Keith Luke, the city’s deputy development director, said some residents have said they don’t see a need for the change, but he said it is needed to help decrease the downtown building vacancy rate. He said people who prefered it to remain one way primarily wanted to get through downtown Augusta, while officials hope the change will bring people who’ll stop in downtown Augusta, not just pass through.

Rollins and Pouliot both said after a couple of times driving through downtown, the new traffic flow was already starting to feel natural to them.

Rollins said the city will have to make changes to winter snow removal procedures with the change, since two directions of traffic will have to be maintained following a storm.

Lesley Jones, public works director, said the city will change how it removes snow from downtown, part of which will likely involve changes in parking rules following storms.

Workers painted stripes on the pavement downtown Sunday night and, Monday morning, finished installing new traffic signals at intersections of Bridge and Water streets and Winthrop and Water streets.


Part of the project not yet complete is the addition of a diagonal crosswalk at the intersection of Bridge and Water streets, which city and state Department of Transportation officials said they believe will be the first “pedestrian scramble” type of road crossing of its kind in Maine.

Once complete the new crosswalks crossing diagonally and forming an “X” in the middle of the intersection will allow pedestrians, if they wish, to cross from one corner to the opposite corner, a walk that, according to City Engineer Nicholas Hartley, could take some pedestrians two traffic light rotations to cross by getting to the same point the old way, of crossing one street, then another, to get to the opposite corner. Conventional crosswalks will remain across each street.

Hartley said while traffic signals at that intersection are ready for the change, the full diagonal crosswalks have not yet been painted on the street because the city was unable to find signs instructing pedestrians how to use the new system in time for Monday’s switchover. He said the city is having custom signs made up and the full diagonal crosswalk stripes will be painted on the street when the signs are in place.

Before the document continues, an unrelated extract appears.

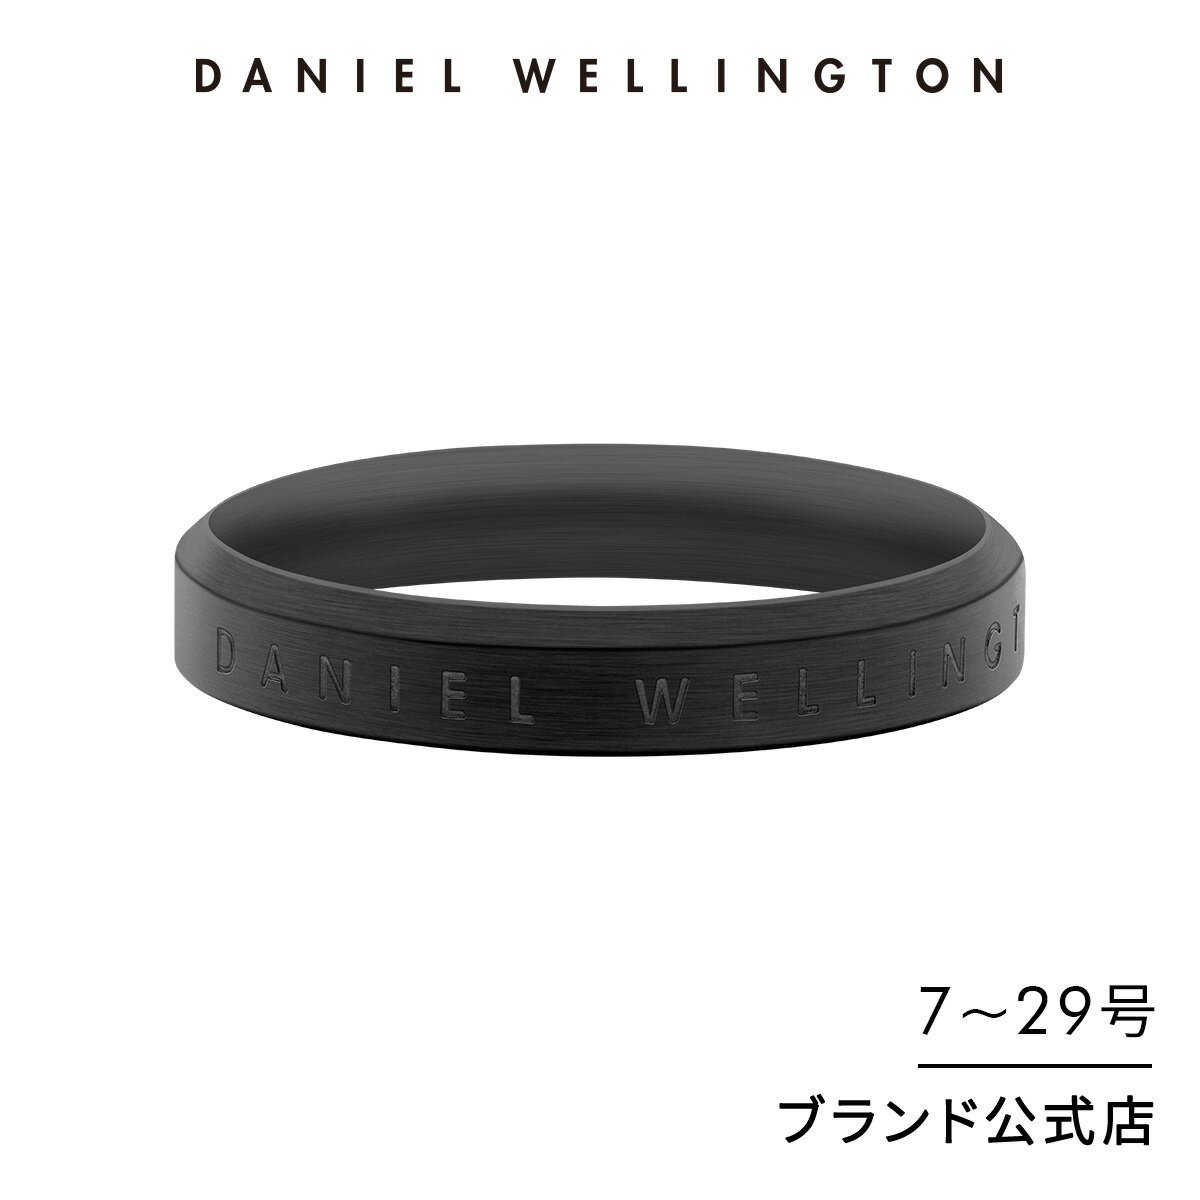 リング 指輪 ダニエルウェリントン Daniel Wellington Classic Ring Black アクセサリー ブランド 20代 30代 大人 メンズ レディース ペアリング 最新作 シンプル ブラック グレー マット メタリック おしゃれ ギフト プレゼント 祝い 記念 公式 2年保証 刻印入り 送料無料

While the project is expected to take away several parking spaces to allow for new turning lanes on Water Street, Hartley said nearly that many new parking spaces will be created as part of improvements planned on Commercial Street, which is just above Water Street. That project is expected to start shortly after the completion of the Water Street work. The net result, Hartley said, will be about the same number of parking spaces downtown after the work as there was previously.

The nearly $200,000 project converting the street to two-way started last month. Water Street never closed fully to traffic, but parking was banned for one day while the street was repaved.

Behr said delivery drivers making deliveries downtown should use Commercial Street, at least until it closes soon for a reconstruction project, Front Street, or a parking space to unload. While no bicycle lanes were added as part of the project, Behr said bicyclists are still welcome downtown and should follow the same rules of the road as motorists.